Hello list,
The Tika BodyContentHandler class handles the contents inside the
<body>....</body> of an HTML document.
Now I need to handle the content inside a <div id="special"> ....</div>
of an HTML document.
I got stuck trying to check <div> attribute "id".
The problem is that attributes of elements are always empty inside
method ContentHandler.StartElement, because they got lost in a
previously called method:
HtmlHandler.startElement
...
if (safe != null) {
xhtml.startElement(safe); // element attributes not
passed in
Below you'll find the steps I took so far.

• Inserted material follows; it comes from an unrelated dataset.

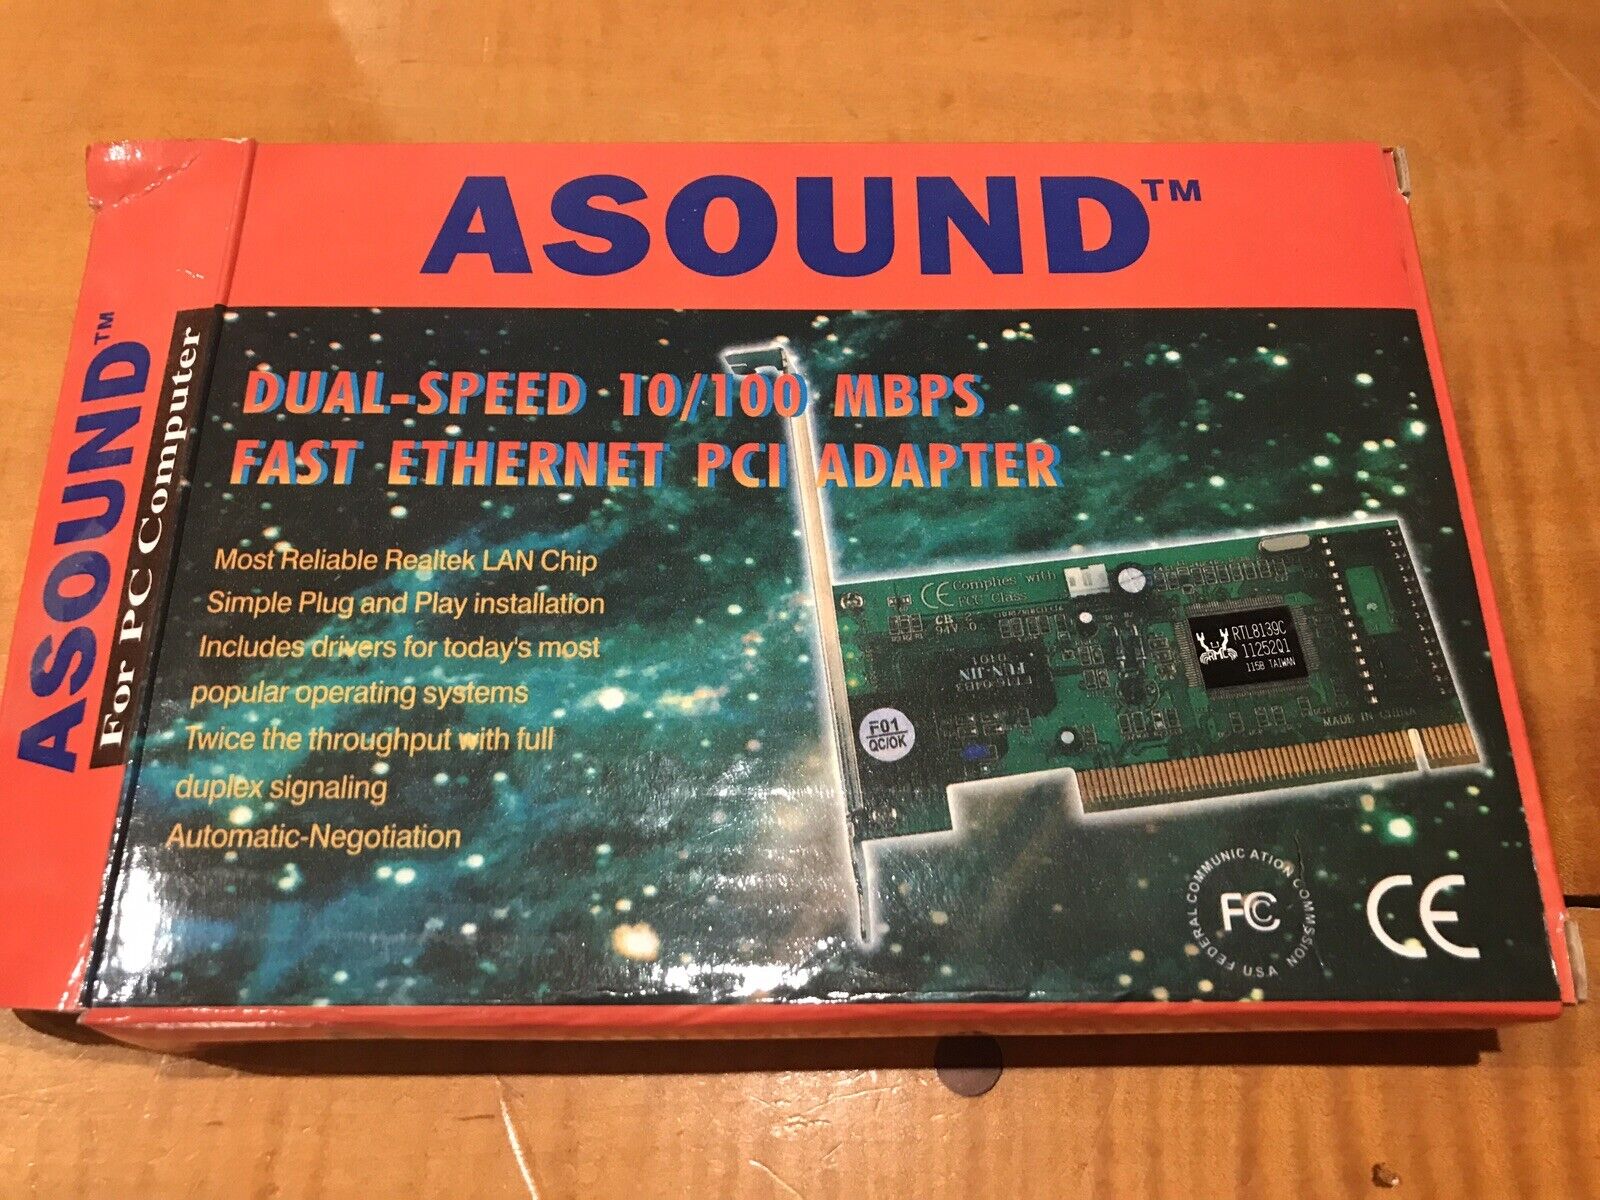 PCI ADAPTER Asound Dual speed 10/100 MBPS Fast Ethernet NOS VINTAGE COMPUTER

Is there a better way I
should do this?
Thanks,
Anne
=======================================
Steps I took
First of all, you need to trigger a "ContentHandler.StartElement" event
for the the <div> element:
// override method HtmlMapper.mapSafeElement
public class DivHtmlMapper extends DefaultHtmlMapper {
@Override
public String mapSafeElement(String name) {
if ("DIV".equals(name)) return "div";
return super.mapSafeElement(name);
}
}
// add the override to the parser context
ParseContext context = new ParseContext();
context.set(HtmlMapper.class, new DivHtmlMapper());
Then create an override for ContentHandler methods "StartElement:",
"EndElement:" and "characters" to catch the trigger for the <div> element
class DivContentHandler extends BodyContentHandler
{
override methods StartElement, EndElement and characters ...
}
Then pass the context and the handler into the parser:
autoParser.parse(stream, divContentHandler, metadata, context);
This results in the parser executing method:
void HtmlHandler.startElement(String uri, String local, String name,
Attributes atts)
{
....
String safe = mapper.mapSafeElement(name); //overridden above
if (safe != null) {
// div element is now 'safe'
xhtml.startElement(safe);
The element attributes - available in variable 'atts' - are not passed
on here, are they lost?